The heatwave described in the novel is based on an actual one that took place in the summer of 1976 in Britain, which was preceded by a dry period that began the previous year. At the time this had been the driest 16-month period in over 250 years. Though there was some rain during that summer, it was so little and sporadic that it didn't make much of a dent. The reservoirs ran dry, companies in the Midlands (central England), were forced to shorten their work week, and many households were required to gather their water from communal hand pumps in the street. People were advised to "Save water, bathe with a friend," to do so in no more than five inches of water and to then reuse that bath water in the garden. Bricks were put in toilets so the flush tanks would then hold less water and therefore, conserve more. Owning a dirty car was a symbol of solidarity.

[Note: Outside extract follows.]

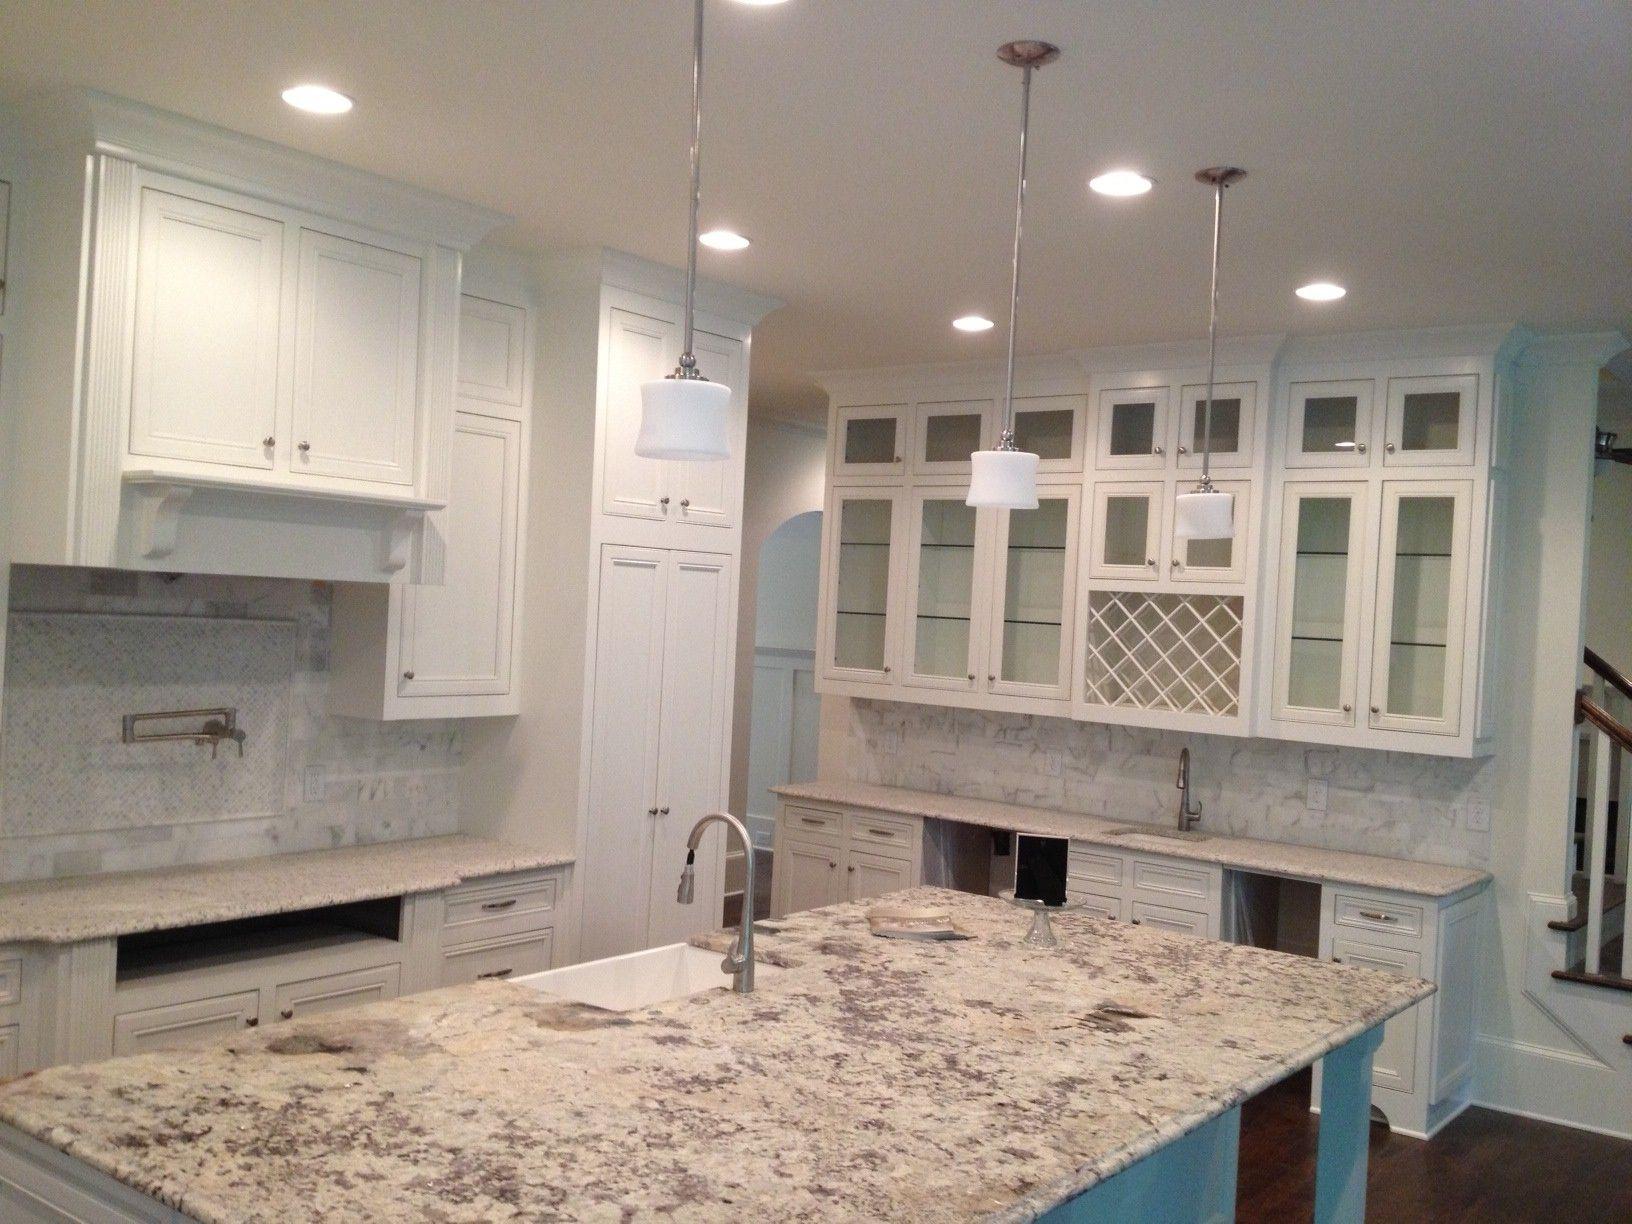 Attractive White Granite Countertops For Bright Kitchen Exciting White Granite Countertops And White Kitchen Cabinet With Tile Backsplash

During the drought, the government issued 139 drought orders (regulations restricting water use), on behalf of the water companies, in specific areas throughout Britain. The hardest hit areas were East Anglia and Wales. At the height of the drought, the government reassigned the Sports Minister, Denis Howell, to act as Minister in Charge of Drought Co-Ordination. When the rain began to fall in October 1976, his insistence that the water restrictions remain in effect until the reservoirs had returned to normal levels made him very unpopular. The government wasn't the only regulator of water usage, however. A group of housewives in Surrey famously forced a golf course to turn off their sprinklers by harassing the maintenance men.
For many, 1976 stands out as the worst drought in recent memory, but the drought in 1995 was actually worse in terms of record-breaking heat. Though weather conditions in 1995 were comparable to those in 1976, the public was not as affected by drought order restrictions, because water companies had improved their methods of conserving and distributing water.